- **Data excerpt**

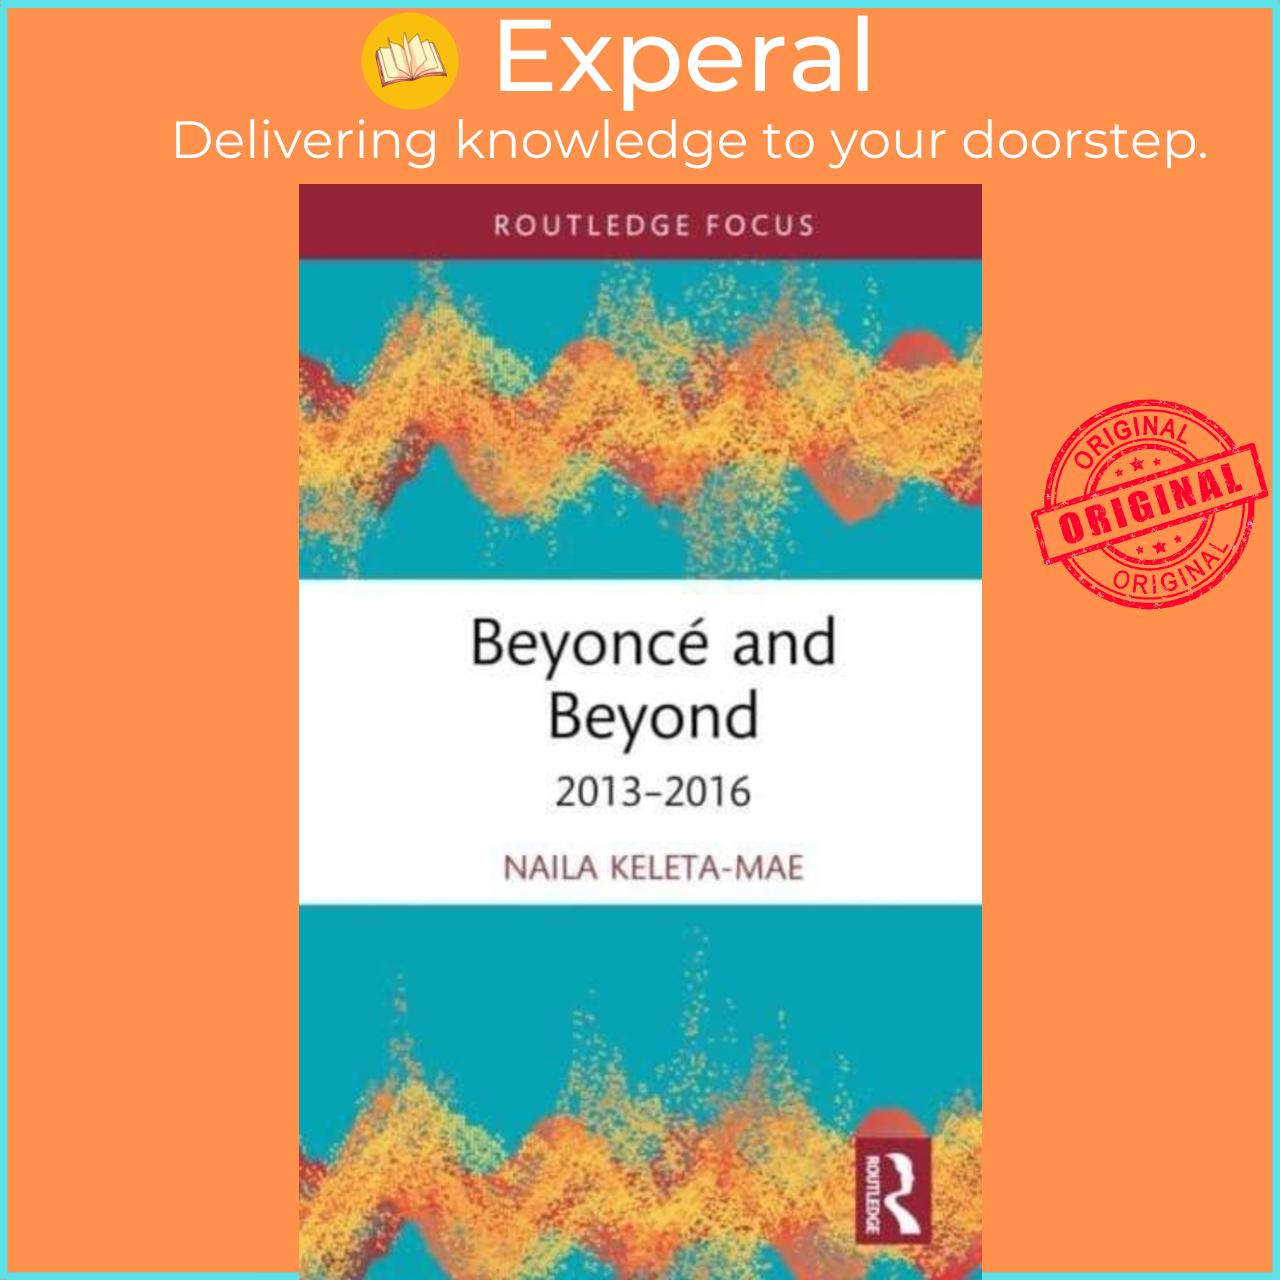 Sách - Beyonce and Beyond - 2013-2016 by Naila Keleta-Mae (UK edition, hardcover)
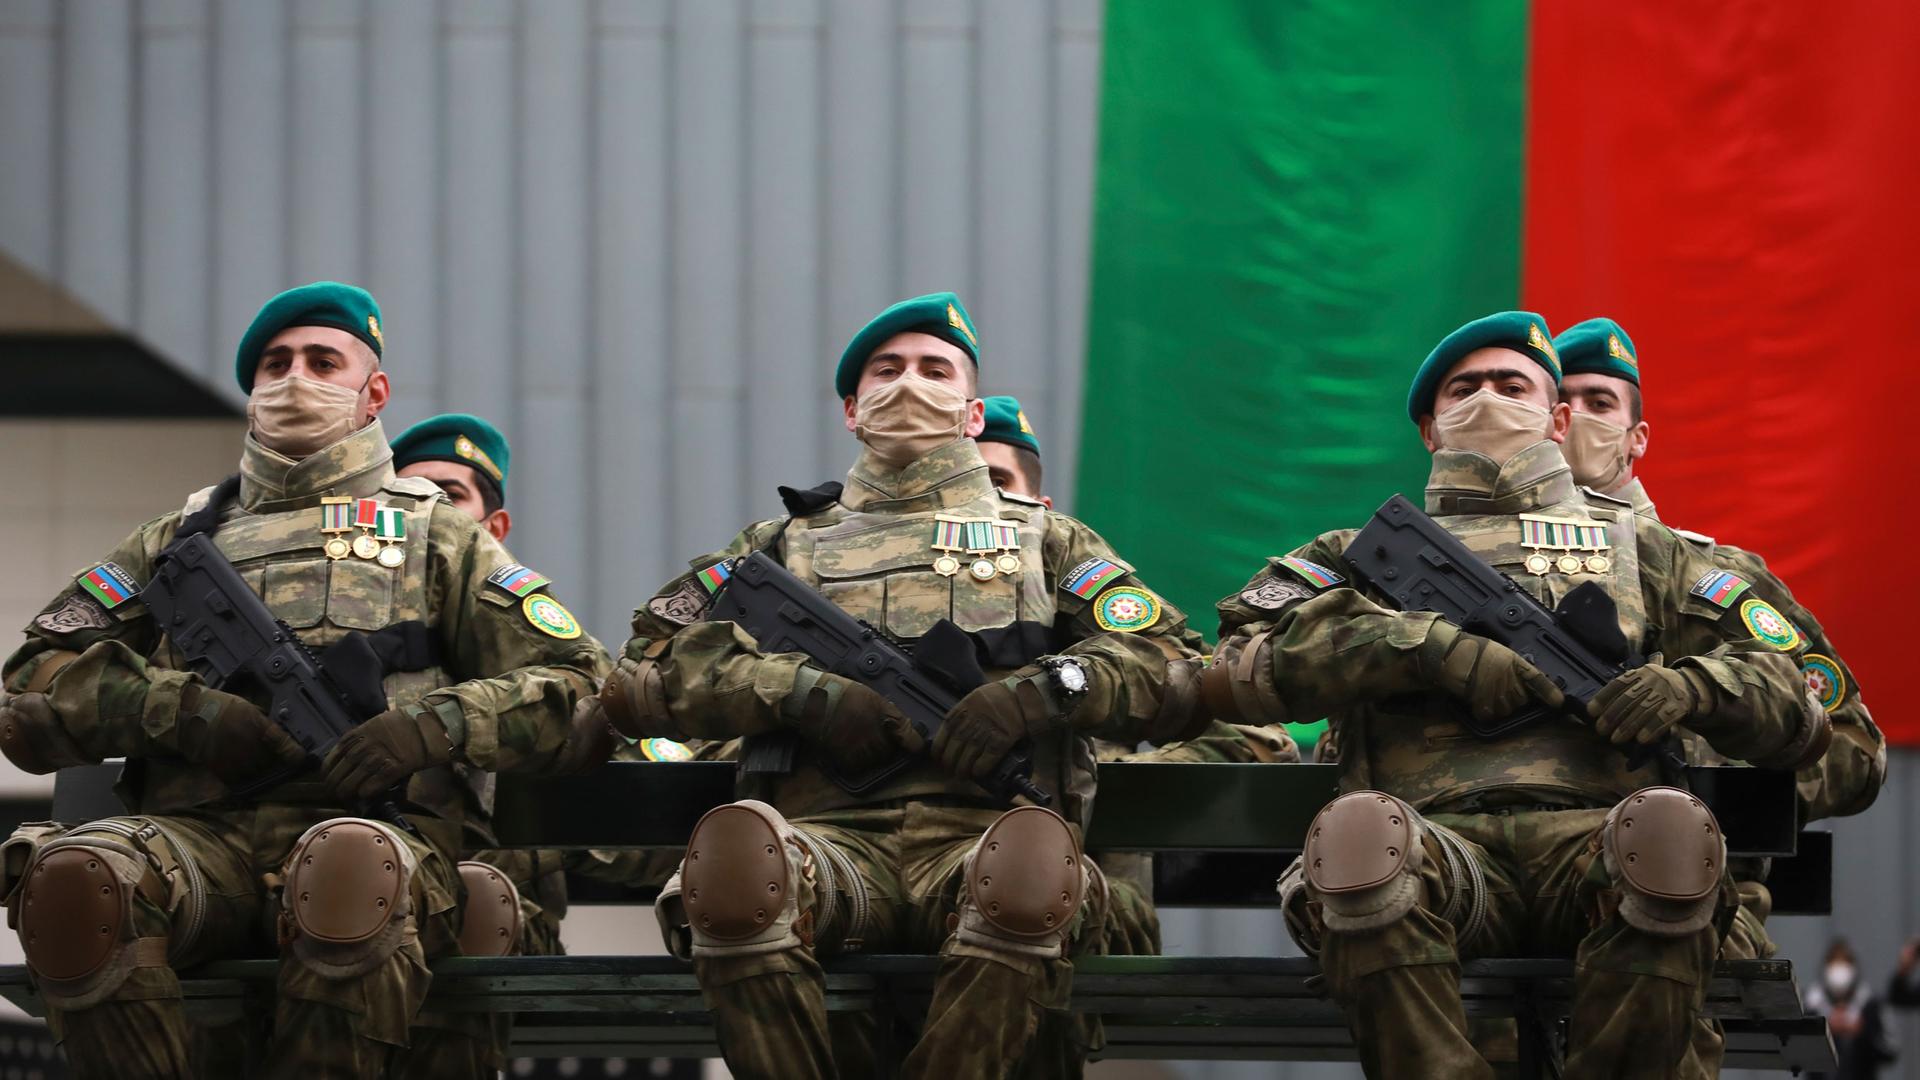 Azerbaijani troops attend the parade in Baku, Azerbaijan, Thursday, Dec. 10, 2020.
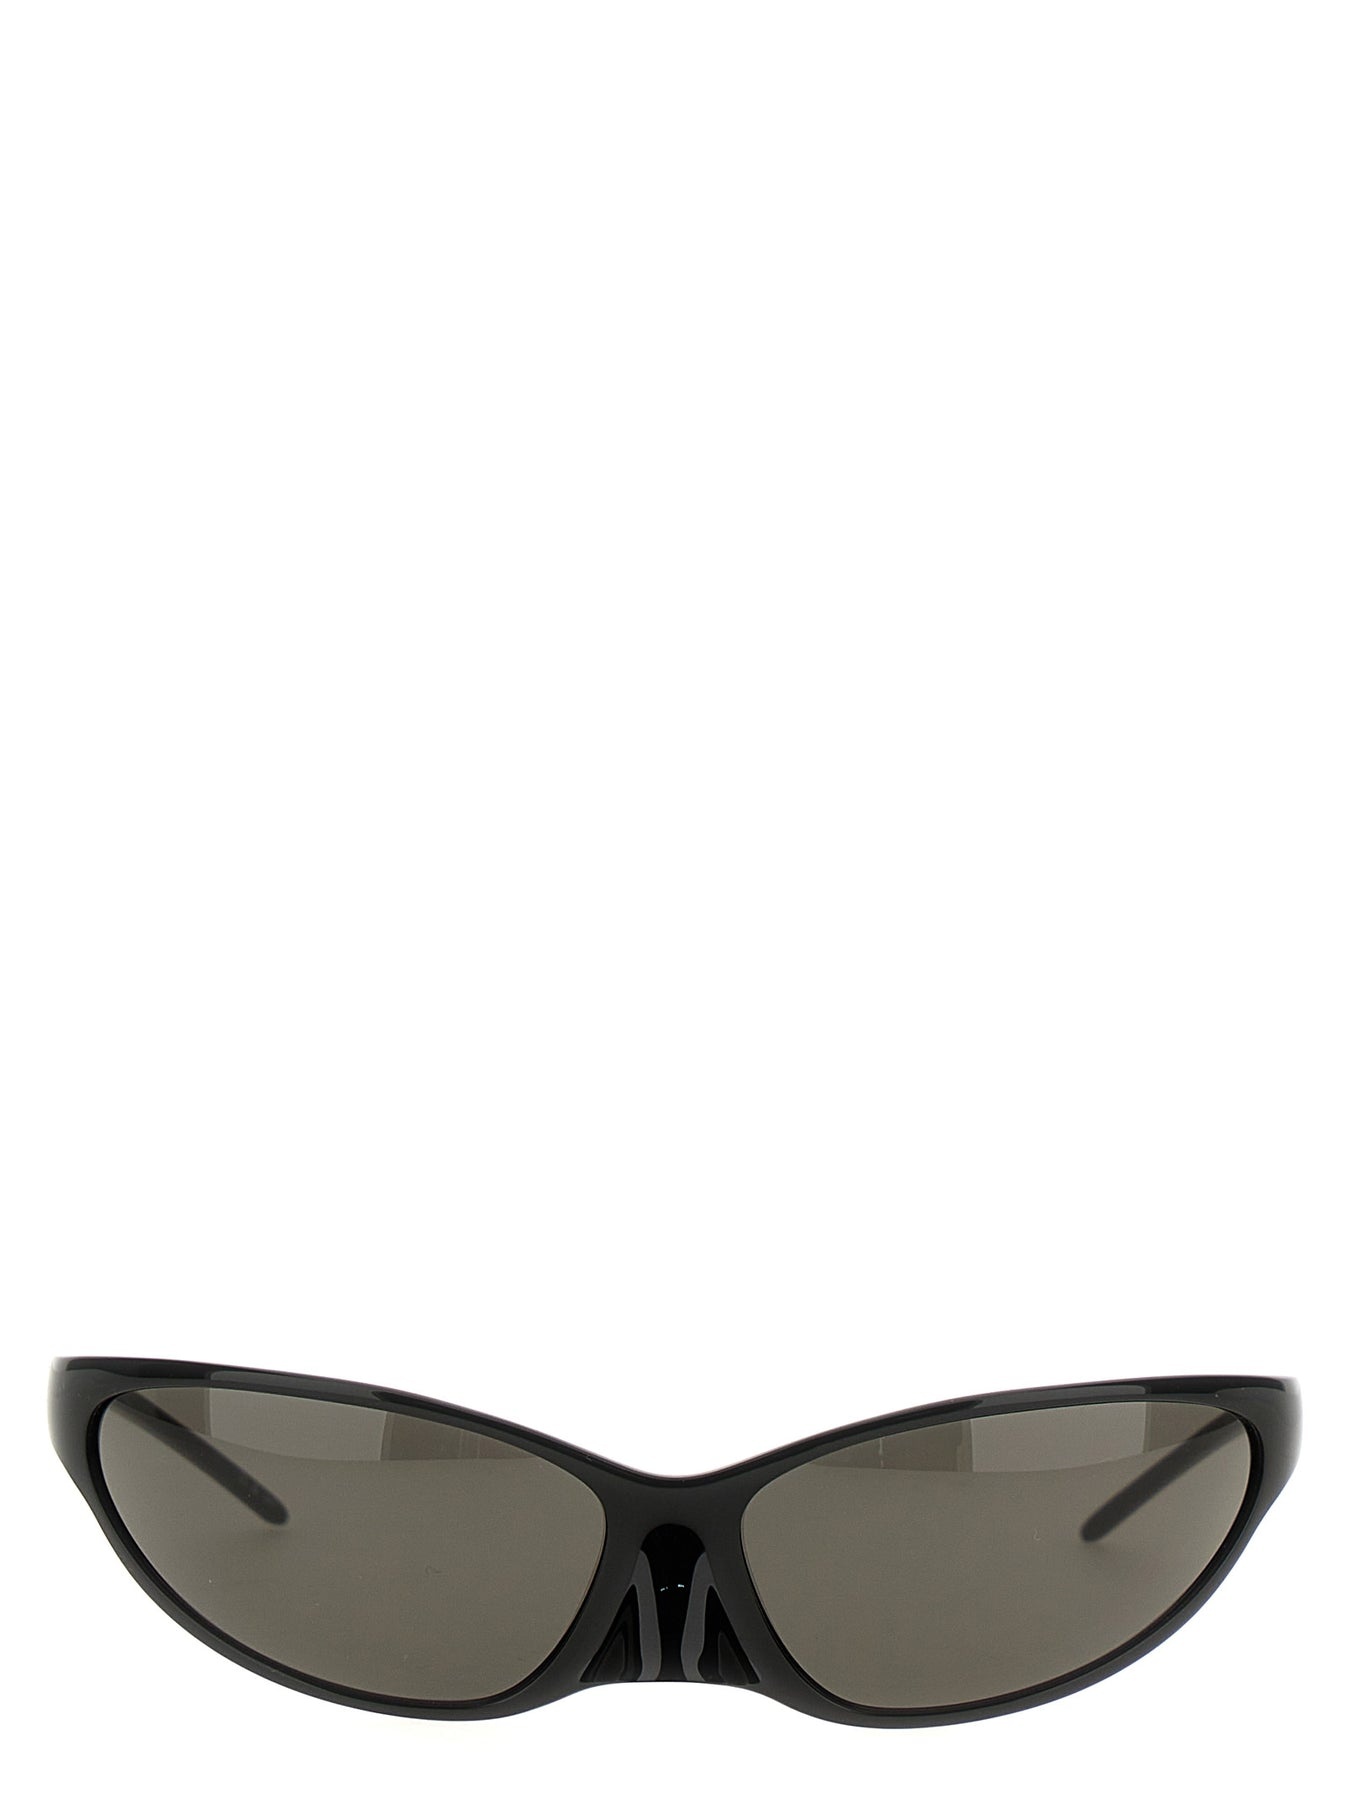 4g Cat Sunglasses Black - 1
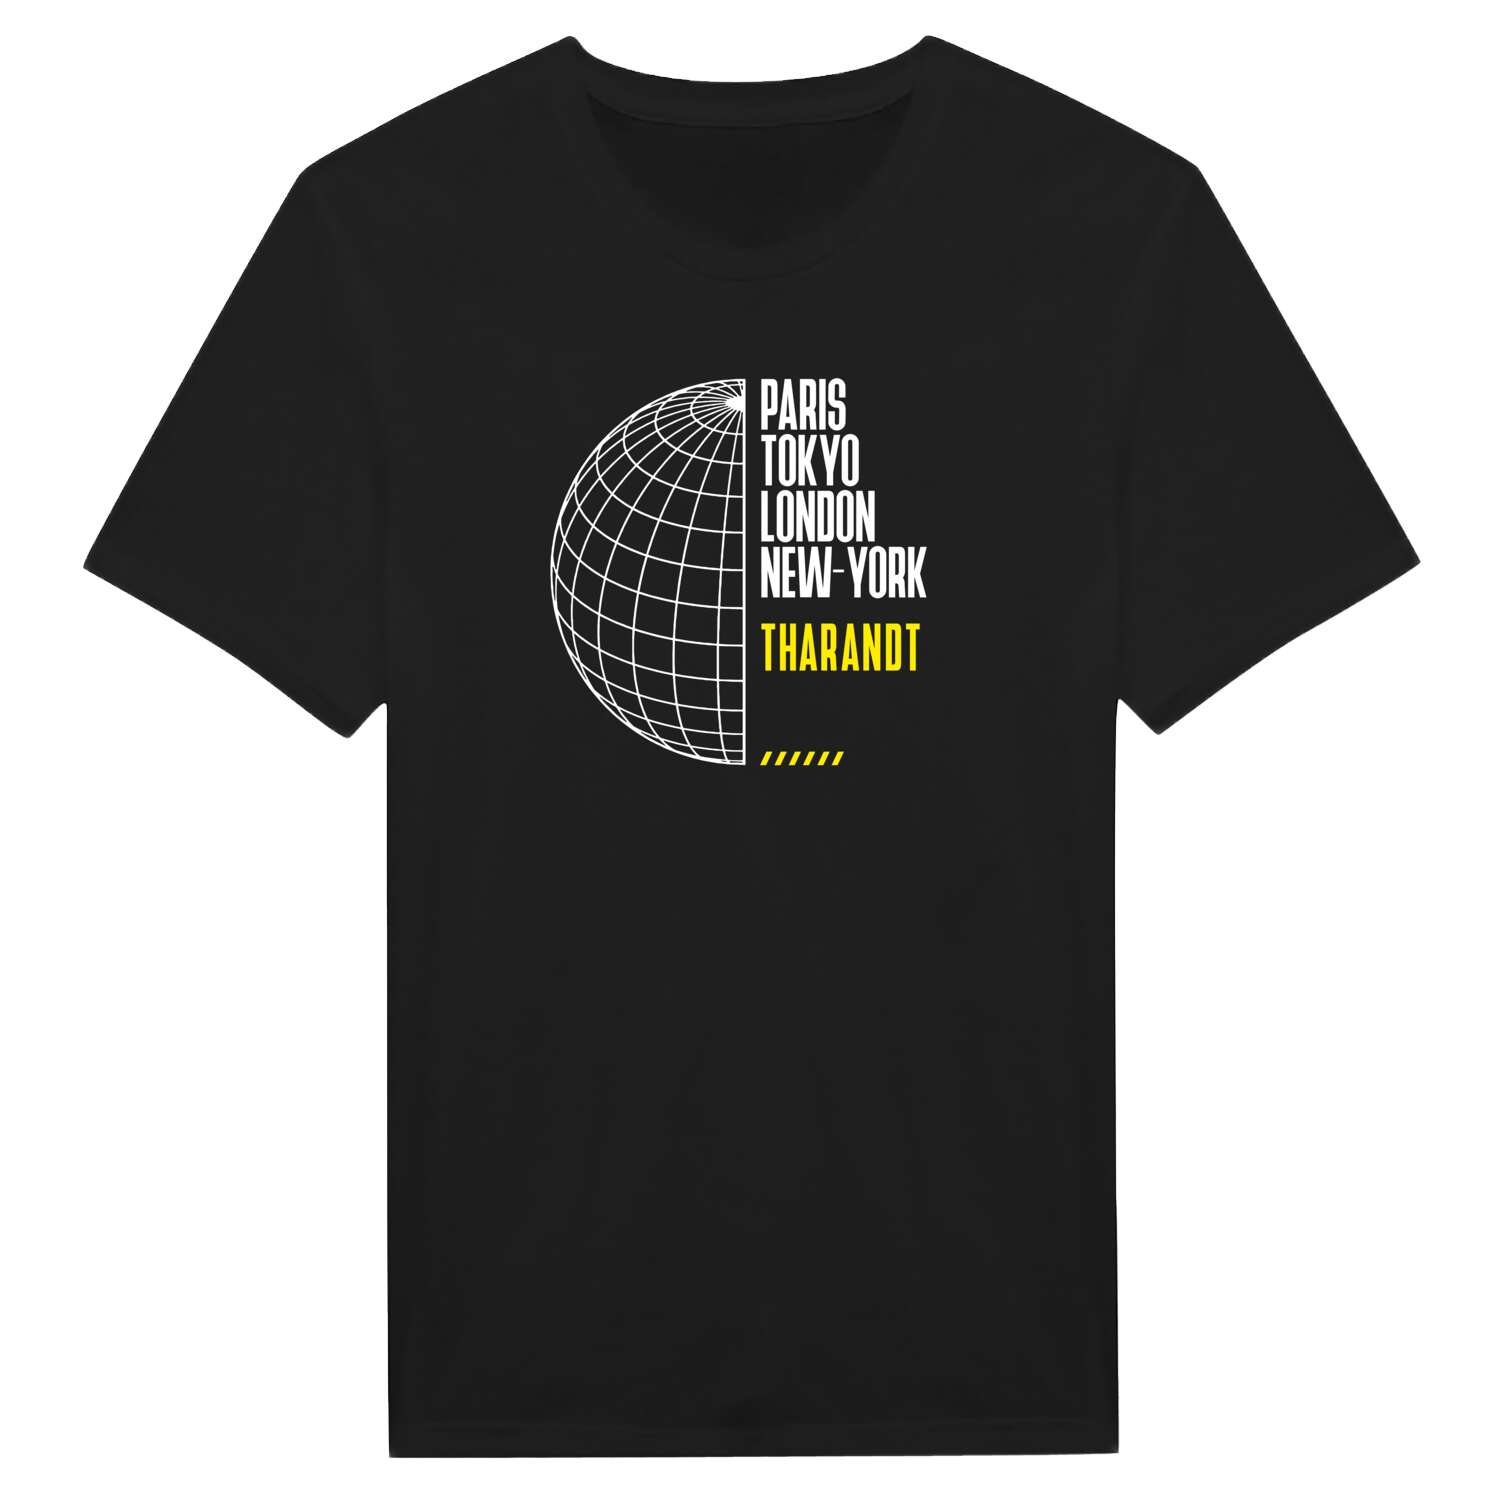 Tharandt T-Shirt »Paris Tokyo London«

- **Exercise aim**
Without the pictures, write out every line above exactly as it appears.

- **Task solution**
 Sách - Beyonce and Beyond - 2013-2016 by Naila Keleta-Mae (UK edition, hardcover)
 Azerbaijani troops attend the parade in Baku, Azerbaijan, Thursday, Dec. 10, 2020.
 4g Cat Sunglasses Black - 1
 Tharandt T-Shirt »Paris Tokyo London«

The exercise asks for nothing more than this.